■ Try it
Look through the data below and output, unchanged, every line from the one holding "Fairest Princess Costume" through the one holding "Monster Drawings", inclusive. Skip the pictures.

■ Given records
-------------------------
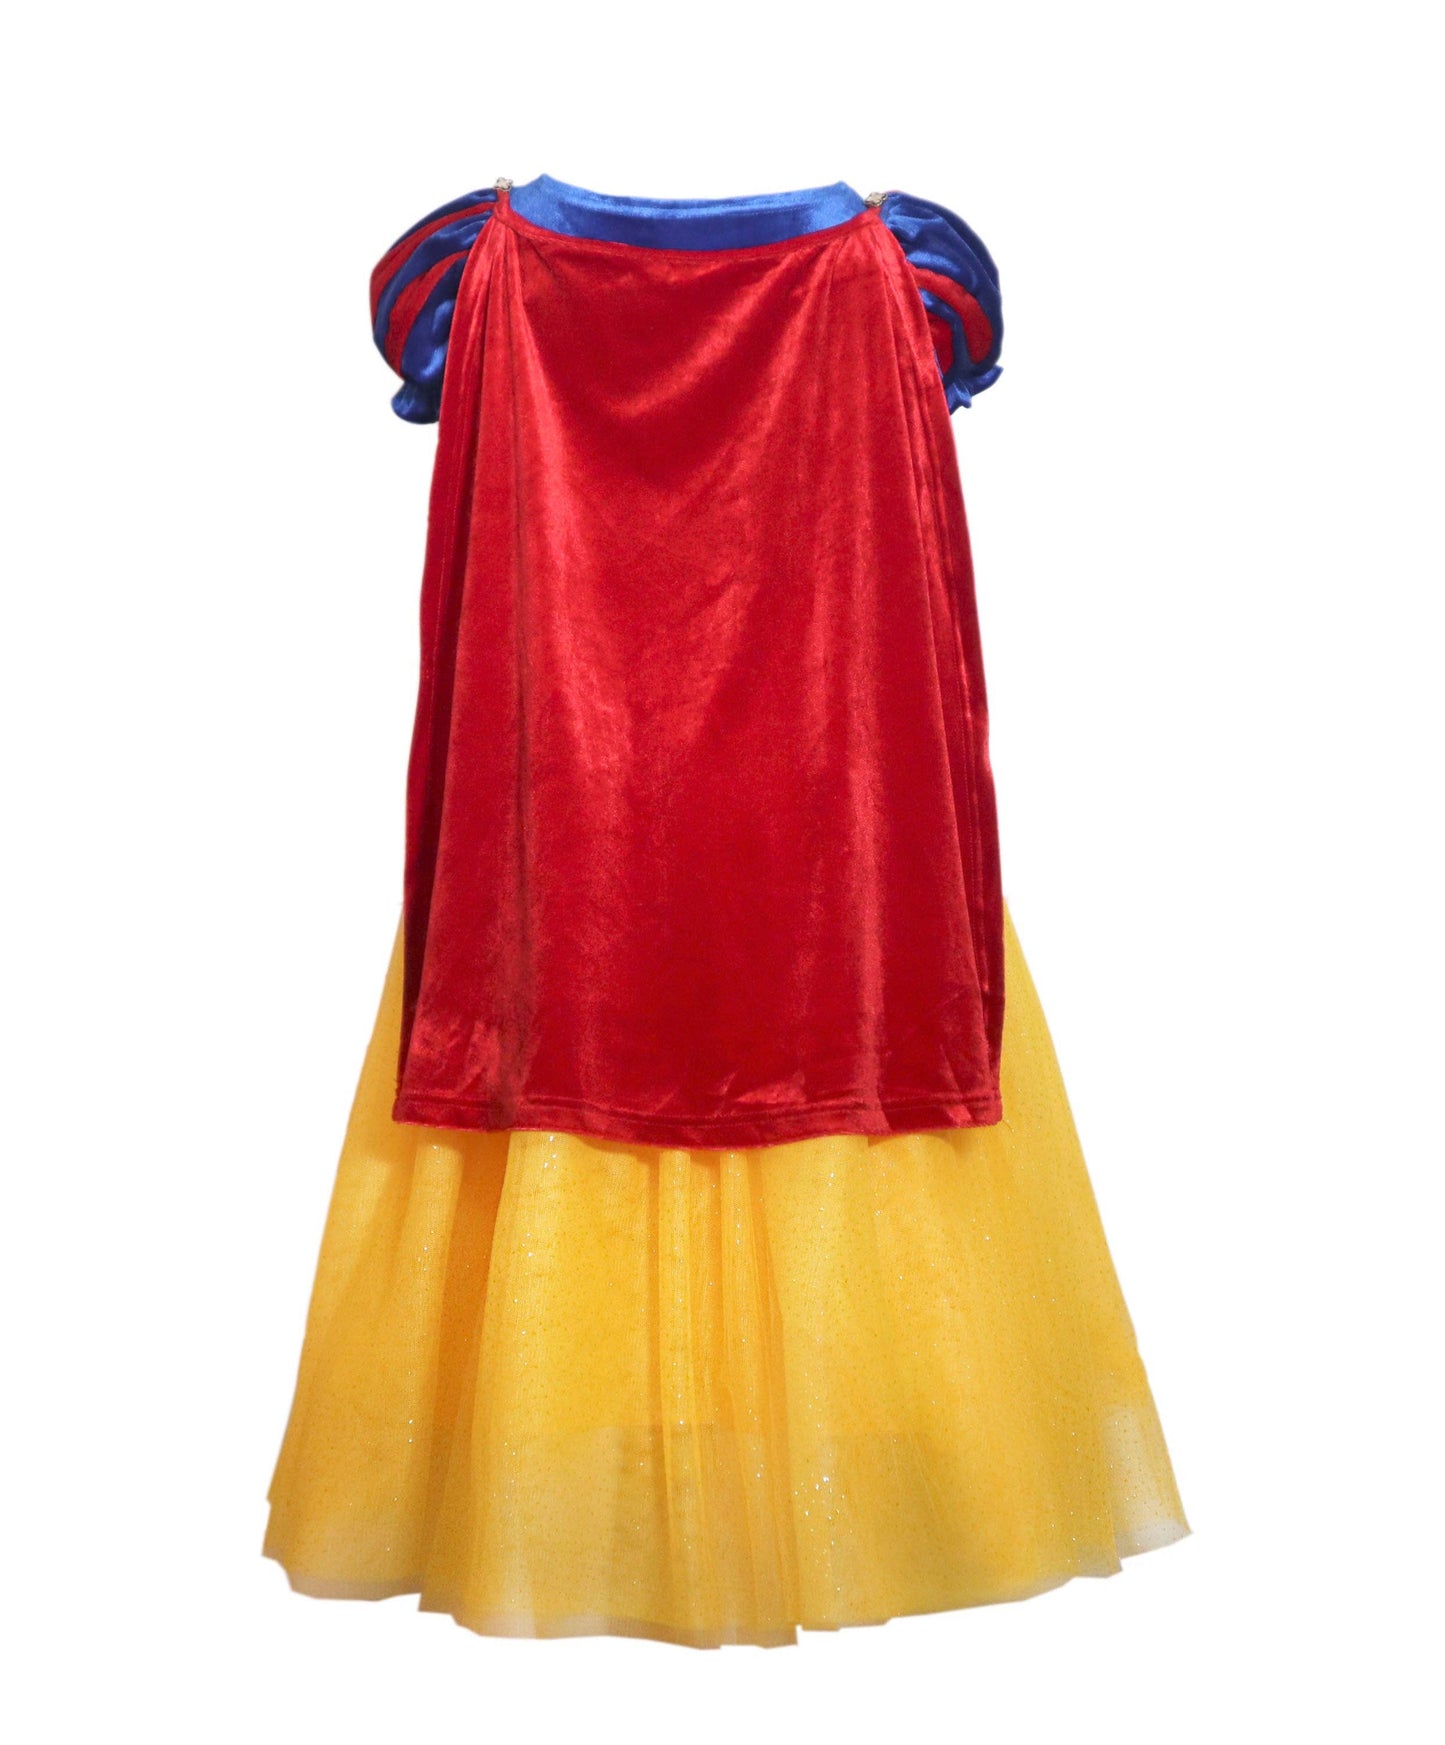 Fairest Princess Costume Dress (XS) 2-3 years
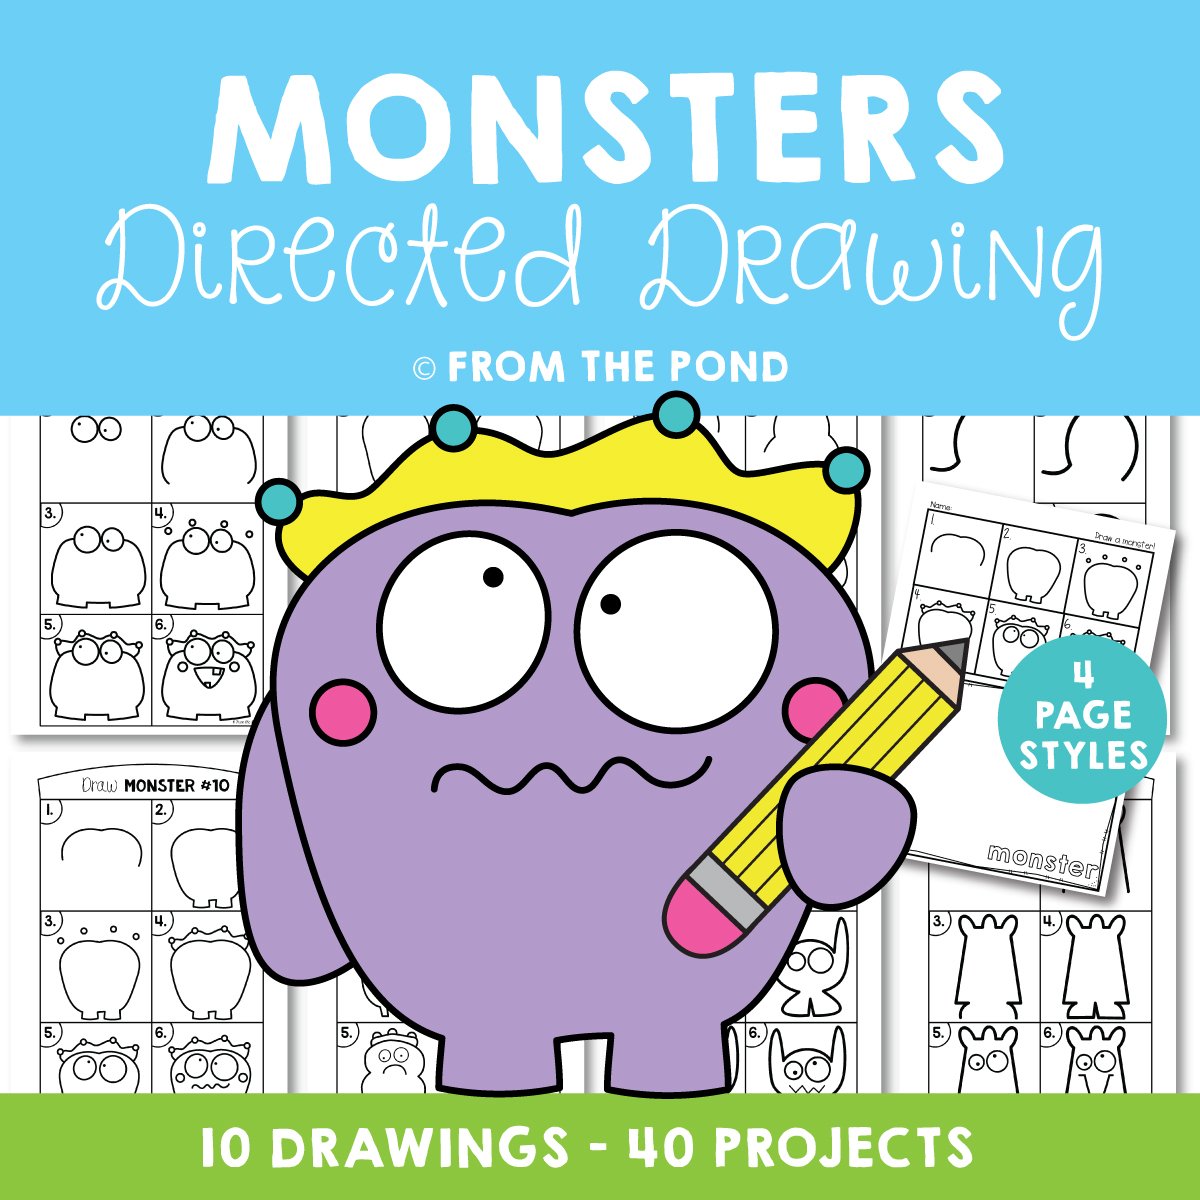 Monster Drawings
-------------------------
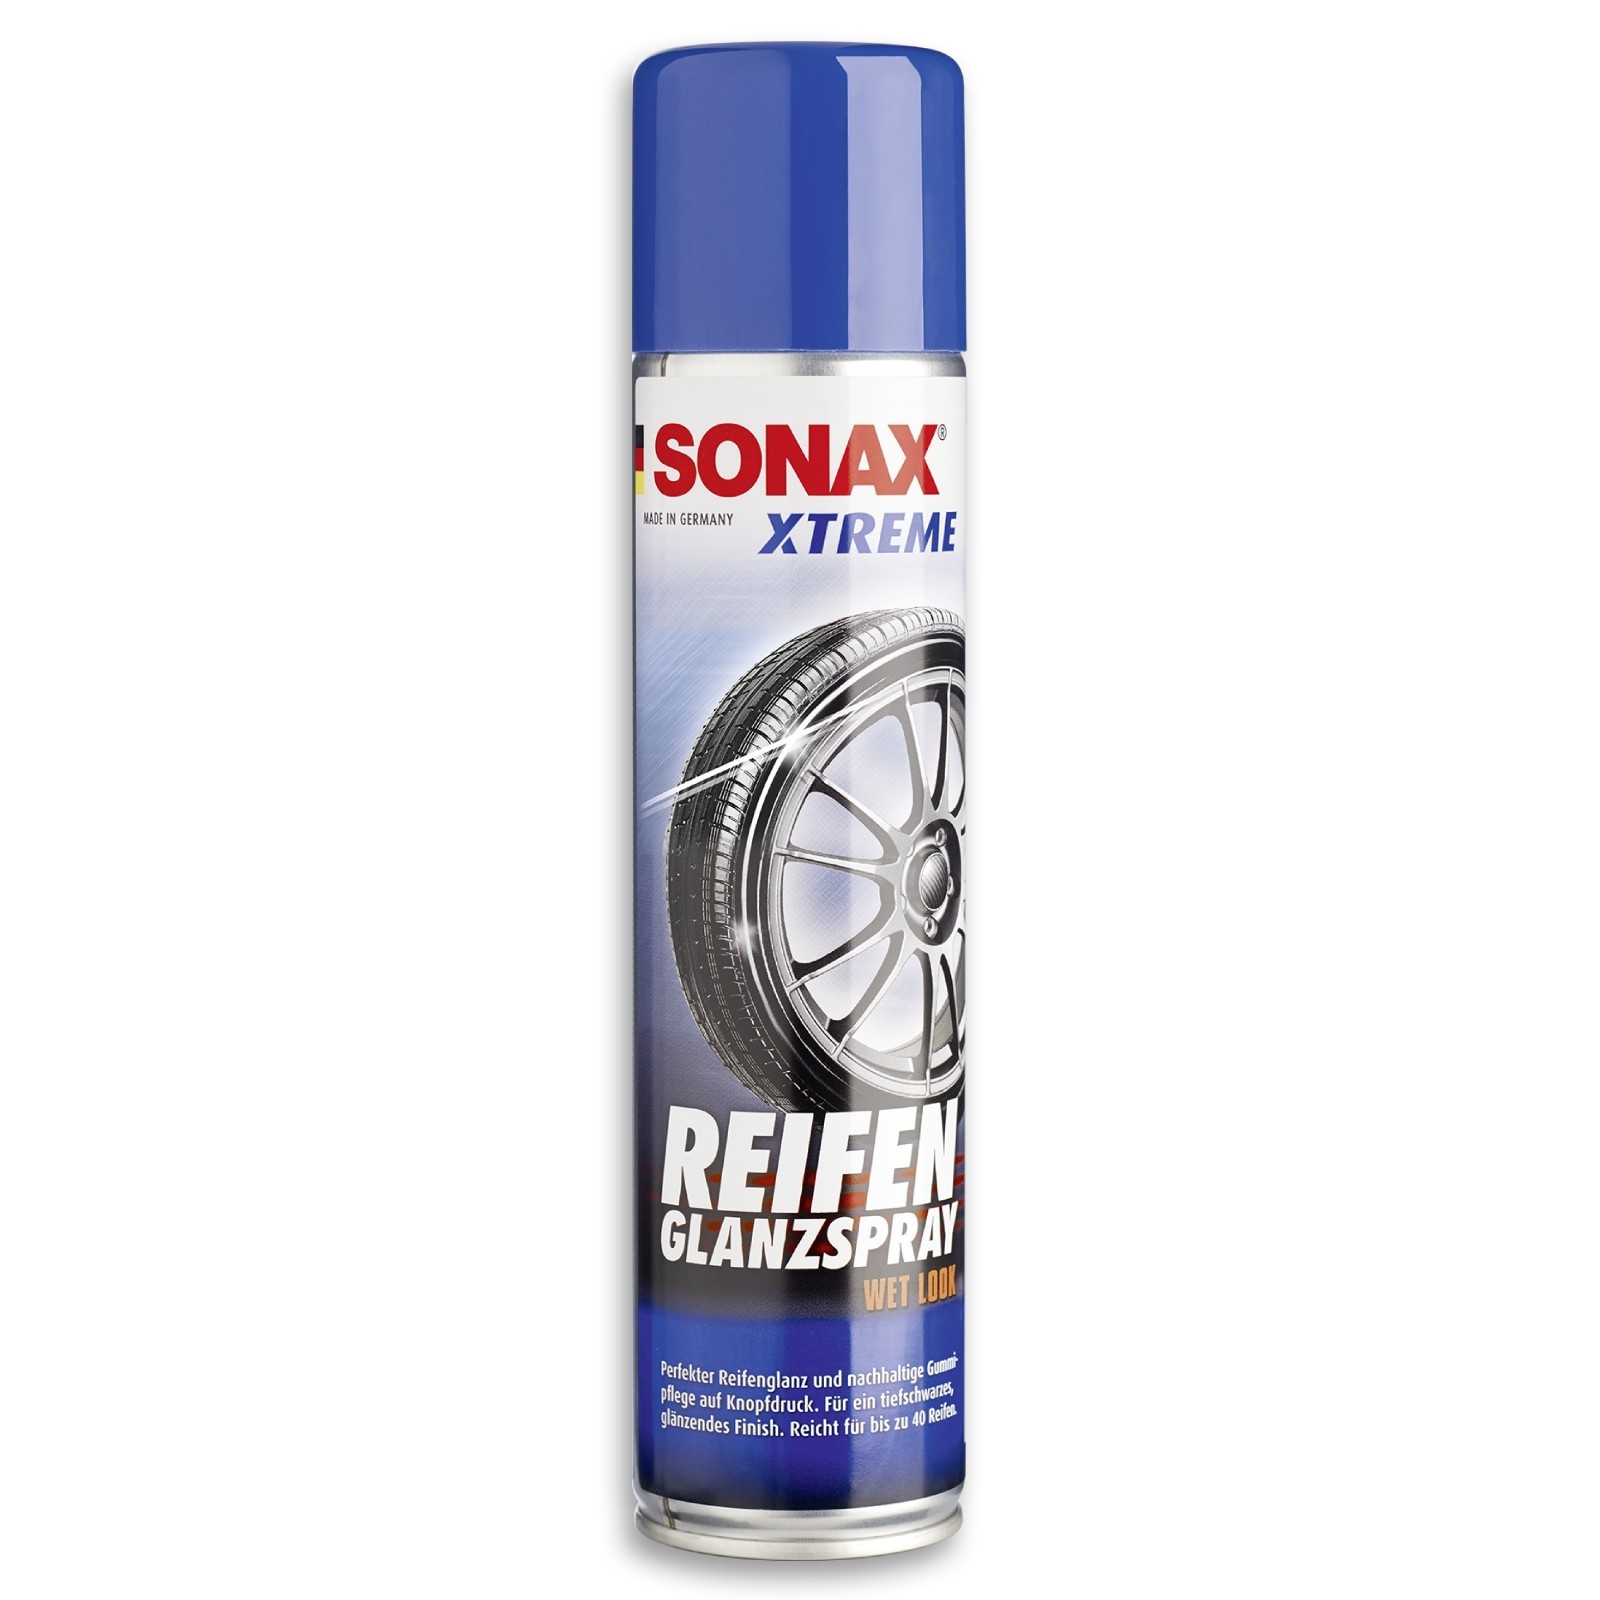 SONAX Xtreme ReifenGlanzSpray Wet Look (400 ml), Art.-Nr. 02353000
-------------------------
■ Answer space
 Fairest Princess Costume Dress (XS) 2-3 years
 Monster Drawings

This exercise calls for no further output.